((
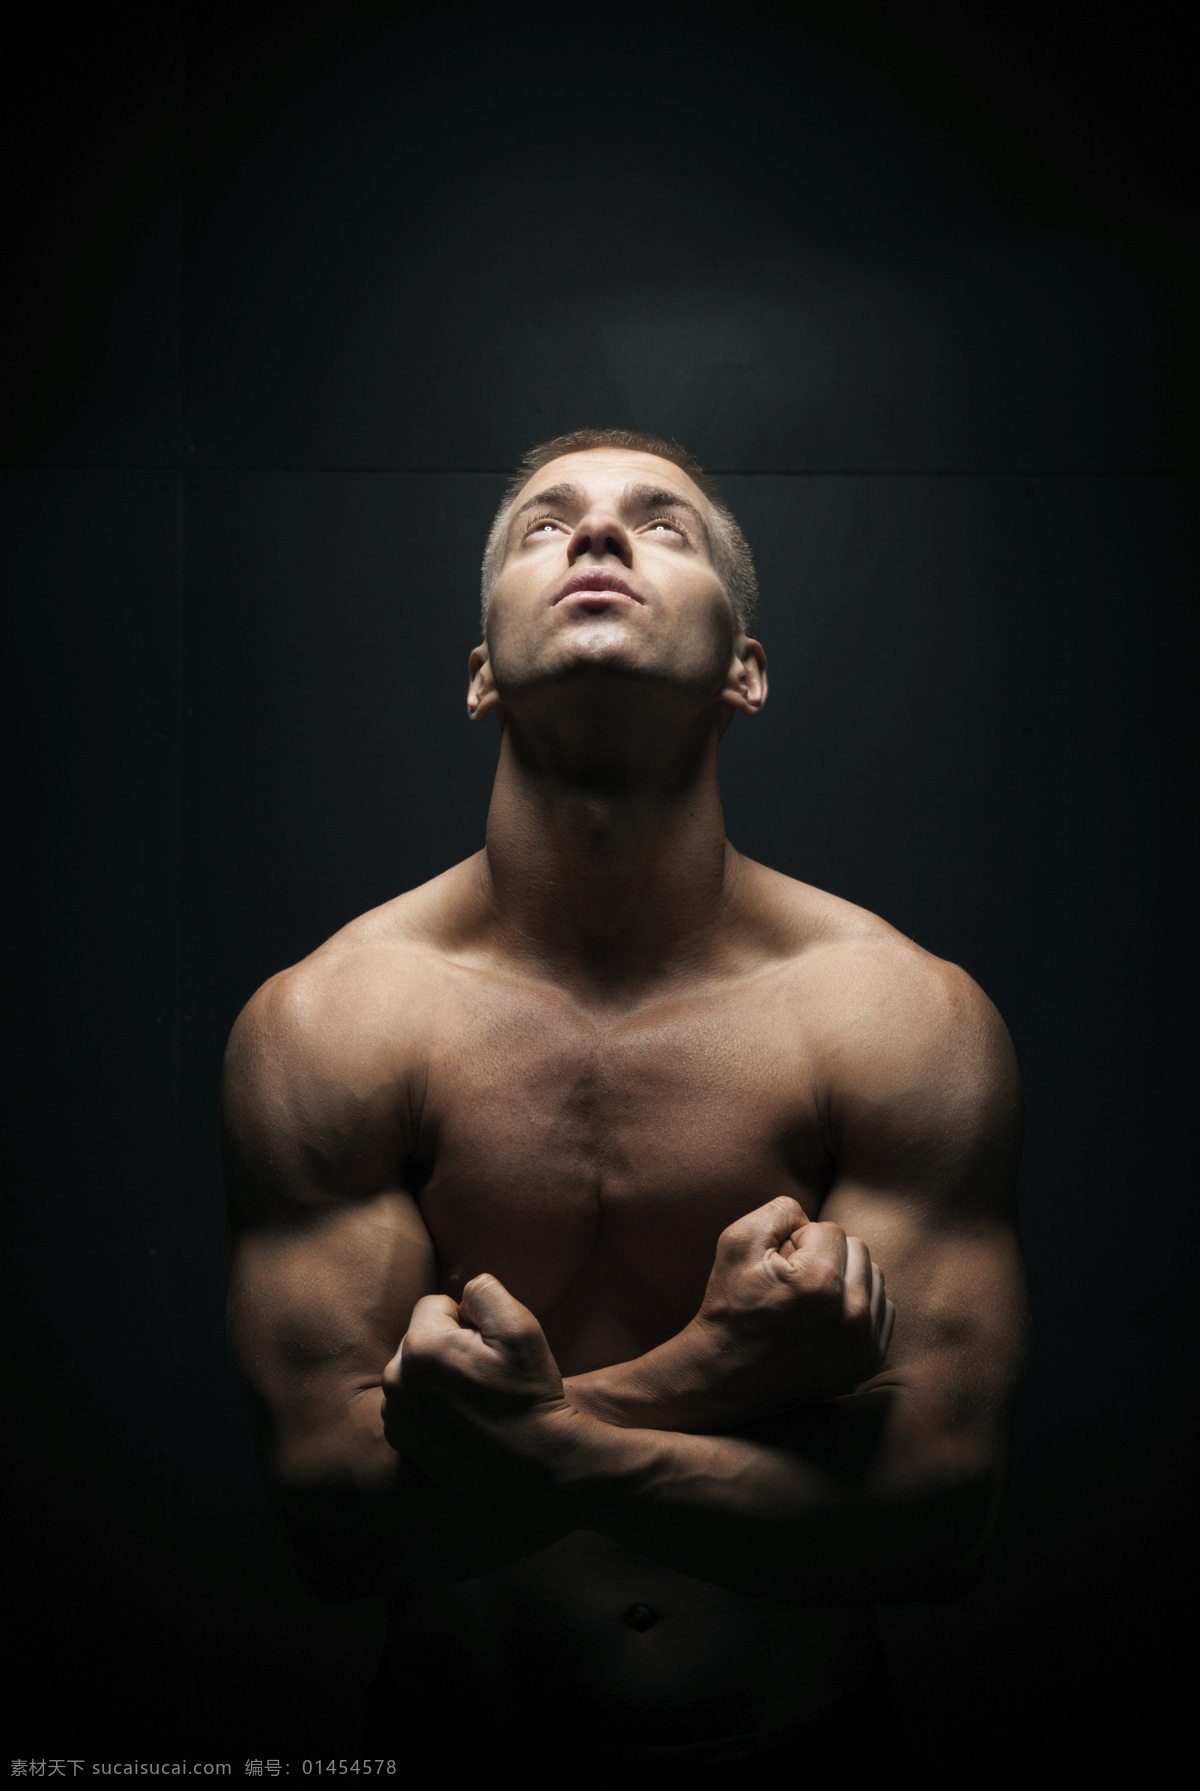 展示 肌肉 男人 强壮男人 肌肉男 健美身材 健身 猛男 强壮肌肉 胸肌 腹肌 外国男人 男模 男性模特 欧美男性 男人图片 人物图片
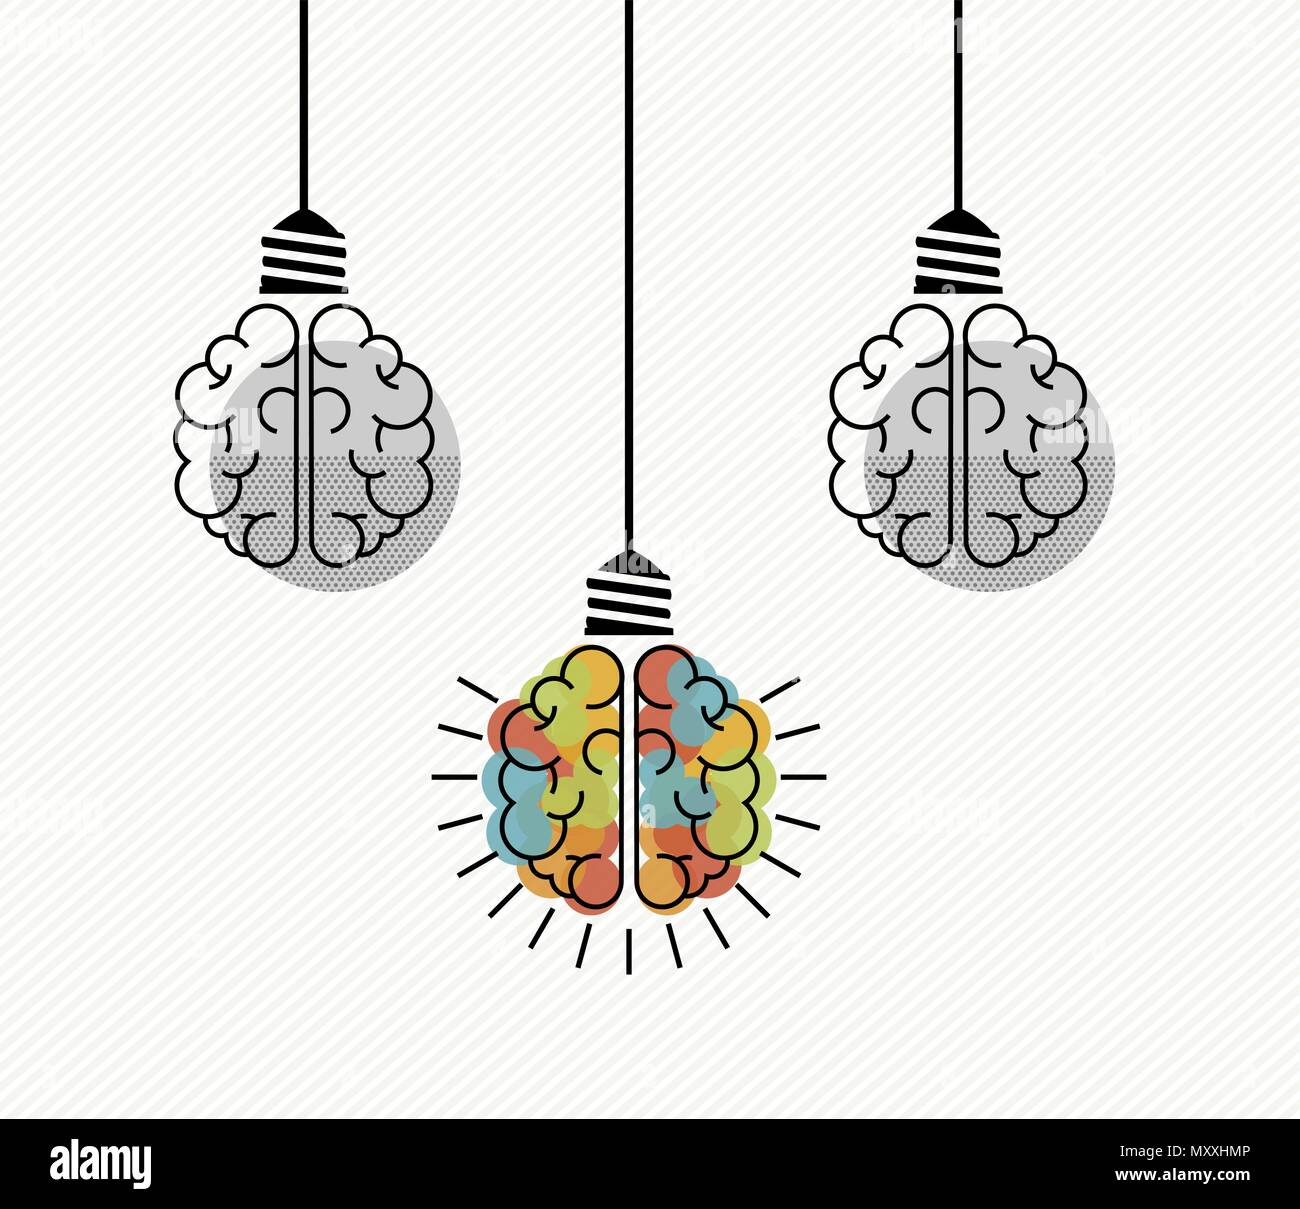 Kreatives Denken Konzept Abbildung des menschlichen Gehirns als elektrische Glühbirne für business solutions, Brainstorming. EPS 10 Vektor. Stock Vektor
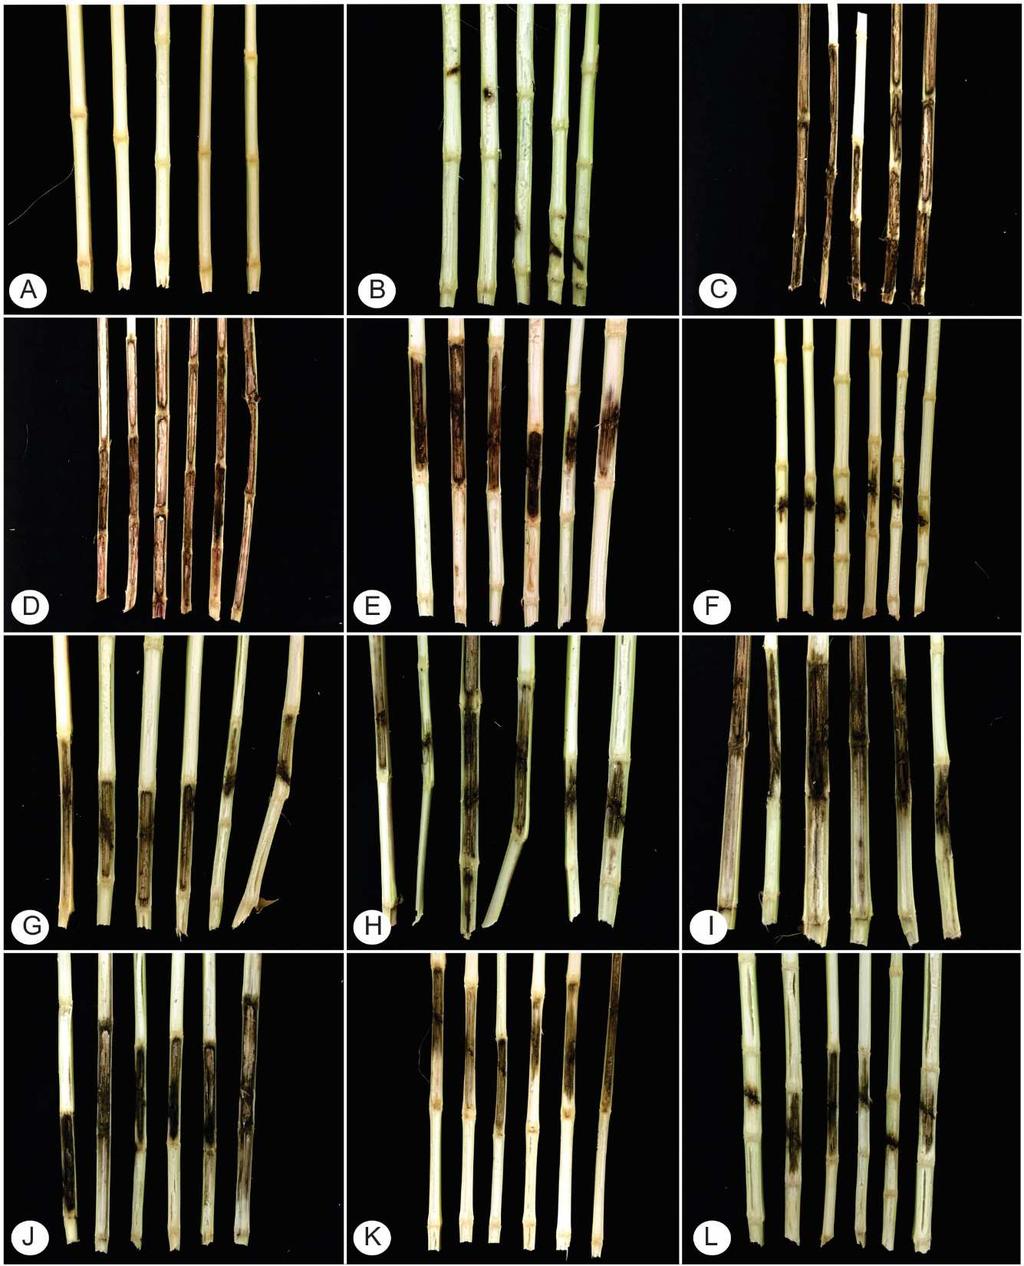 Todos os isolados testados no presente estudo foram patogênicos e causaram lesões que comprometeram o desenvolvimento da planta e consequentemente a sua produtividade (Figura 1). O fungo P.
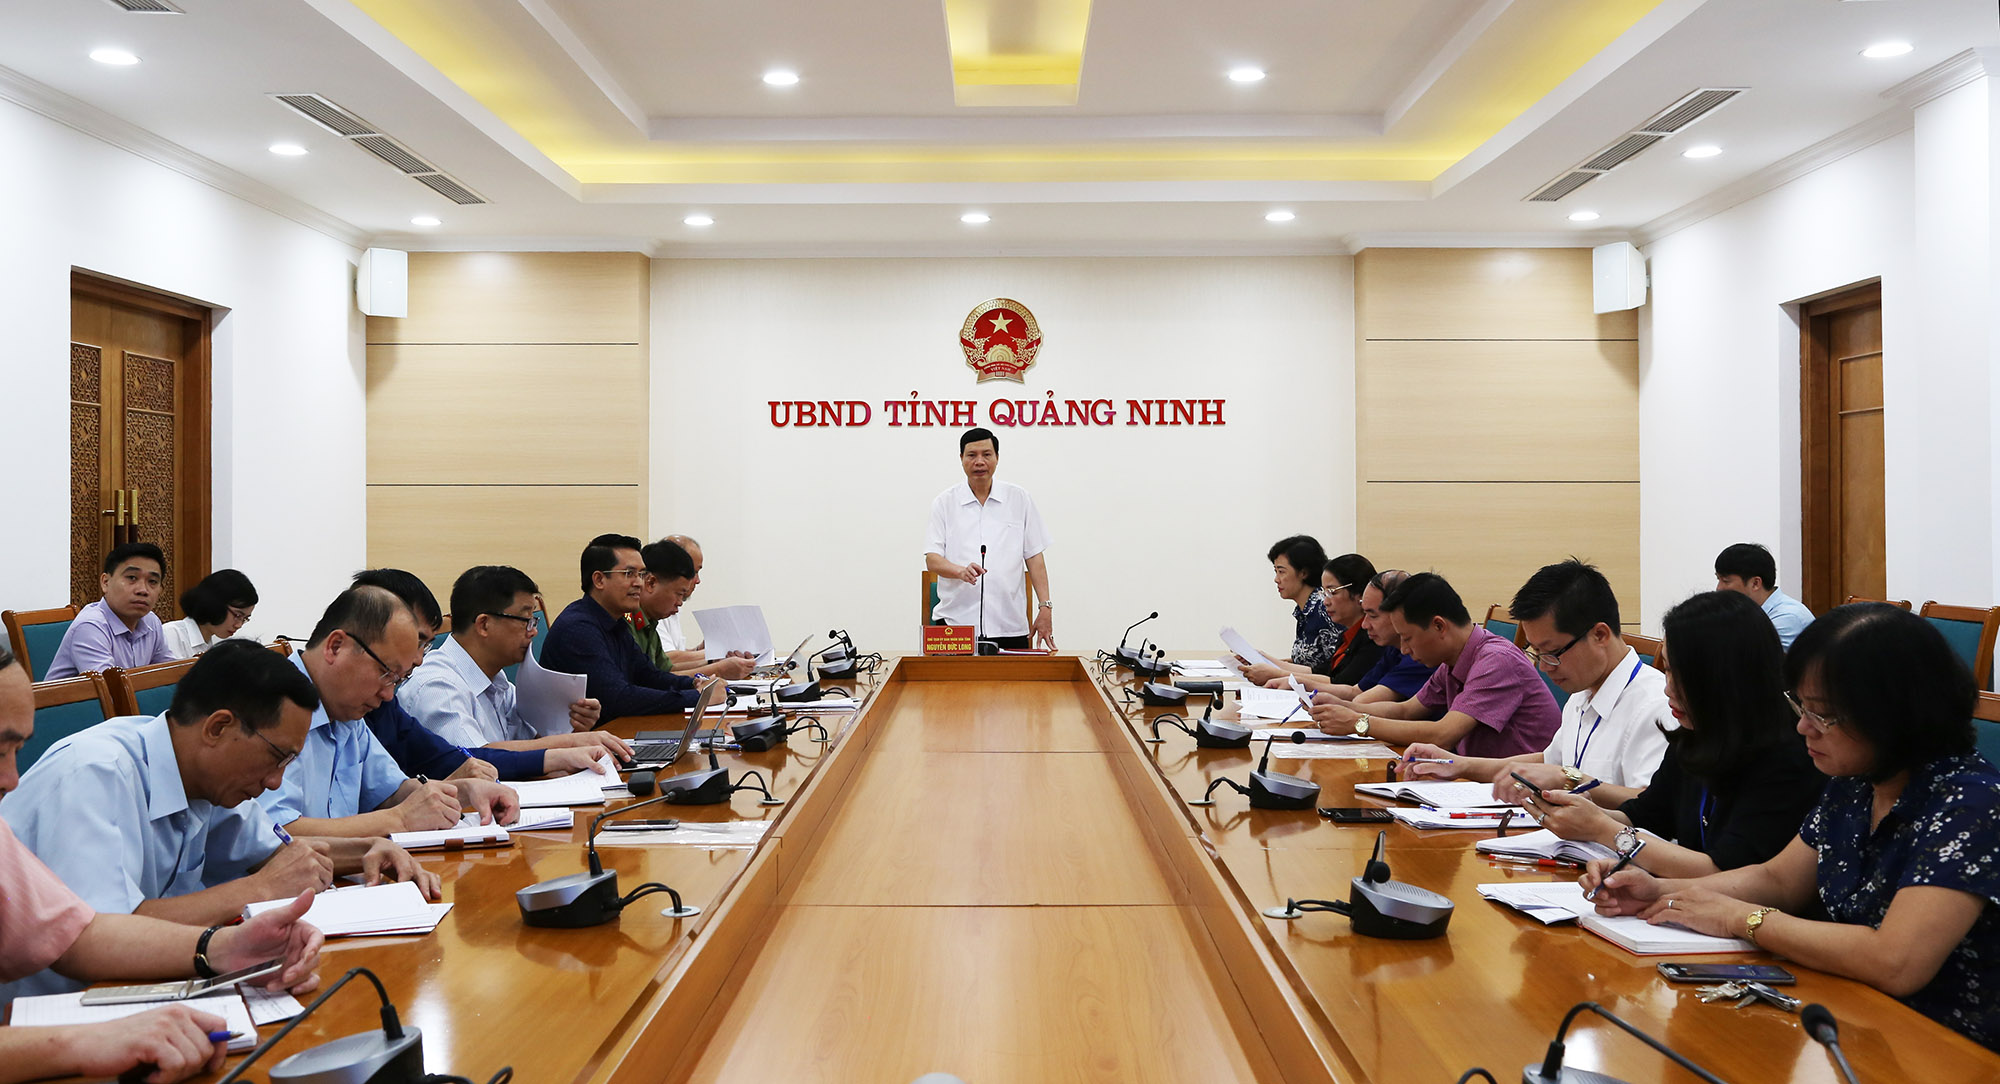 Đồng chí Nguyễn Đức Long, Phó Bí thư Tinh ủy, Chủ tịch UBND tỉnh, chủ trì hội nghị.
))
Goal of the exercise:
The reply should contain every line of the material exactly, and no images.

Response for this exercise:
 展示 肌肉 男人 强壮男人 肌肉男 健美身材 健身 猛男 强壮肌肉 胸肌 腹肌 外国男人 男模 男性模特 欧美男性 男人图片 人物图片
 Kreatives Denken Konzept Abbildung des menschlichen Gehirns als elektrische Glühbirne für business solutions, Brainstorming. EPS 10 Vektor. Stock Vektor
 Todos os isolados testados no presente estudo foram patogênicos e causaram lesões que comprometeram o desenvolvimento da planta e consequentemente a sua produtividade (Figura 1). O fungo P.
 Đồng chí Nguyễn Đức Long, Phó Bí thư Tinh ủy, Chủ tịch UBND tỉnh, chủ trì hội nghị.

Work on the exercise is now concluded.